Maria mengatakan dirinya bersama sang suami sedang tertidur sebelum terbangun karena mendengar teriakan anggota keluarga yang memperingatkan adanya gempa.

Setelah menyadari gempa terjadi, Maria dan keluarganya langsung berusaha keluar dari bangunan untuk menyelamatkan diri.

“Kami langsung lari keluar. Kami tidak melihat lagi apa yang kami injak.

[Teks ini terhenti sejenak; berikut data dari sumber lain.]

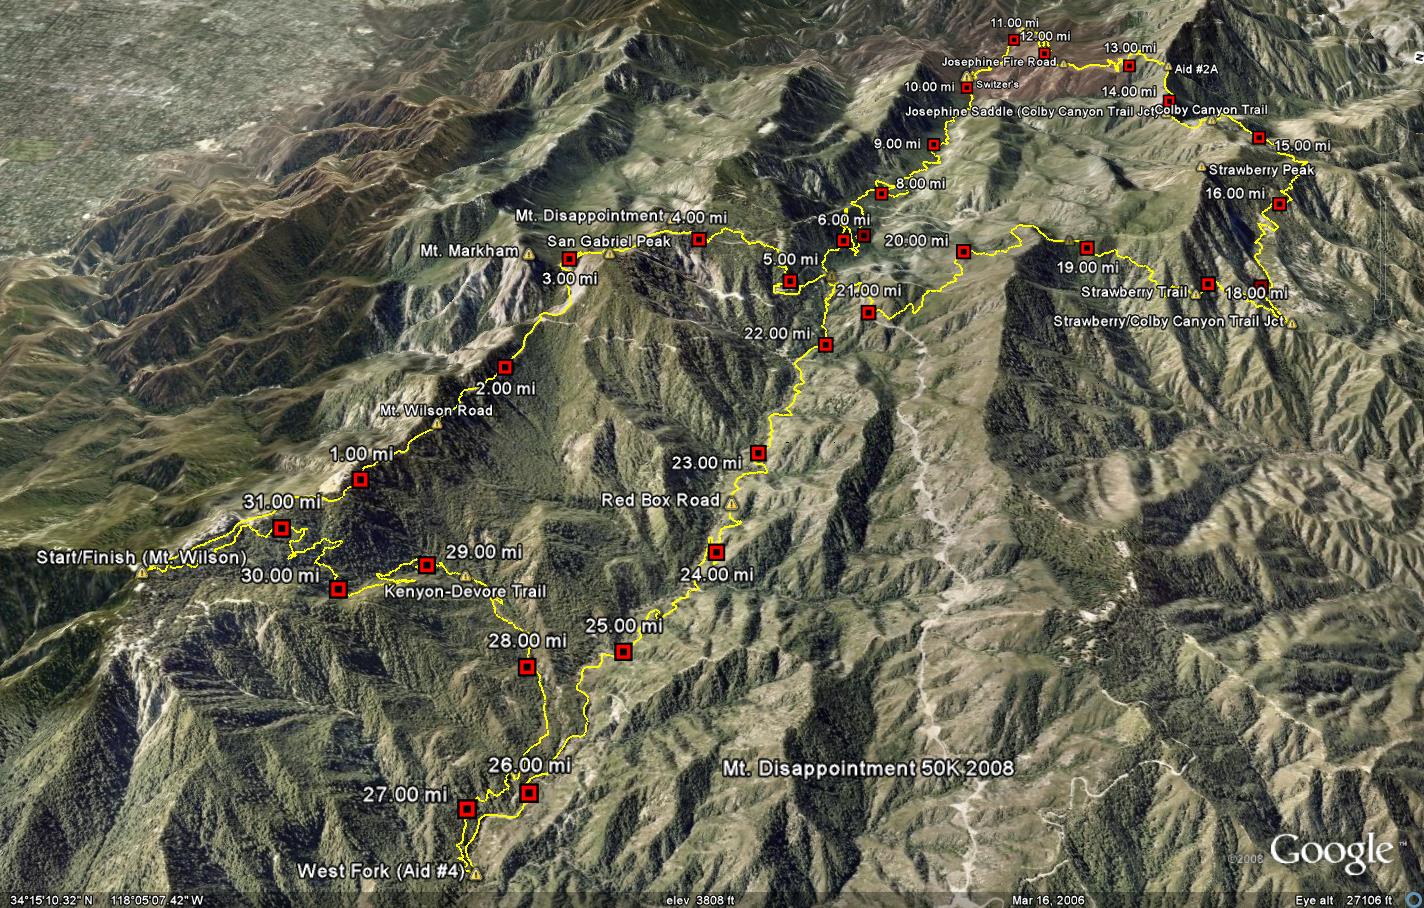 Google Earth image of a GPS trace of the Mt. Disappointment 50K course.

Sempat jatuh karena ada tangga, tetapi tetap lari sekitar 100 meter sampai ke tempat kosong,” kata Maria.

Maria baru menyadari dirinya dan sejumlah anggota keluarganya mengalami luka setelah berhasil mencapai tempat yang dinilai aman.

Pengalaman tersebut masih membekas dan membuat Maria tetap waspada karena getaran kecil terkadang membuatnya secara spontan berpikir gempa kembali terjadi.

Abdul Mu'ti merespons pengalaman tersebut dengan memberikan apresiasi kepada para guru yang tetap menjalankan tugas pendidikan di tengah situasi pascagempa.

“Bapak, ibu, sudah menjadi guru yang hebat, membangkitkan semangat dan mencerdaskan anak-anak kita,” ujar Mendikdasmen Abdul Mu'ti.

Melalui penyaluran santunan dan kunjungan langsung tersebut, Kemendikdasmen memberikan dukungan kepada keluarga korban meninggal dunia serta guru dan murid yang mengalami luka akibat gempa di Ngada dan Nagekeo.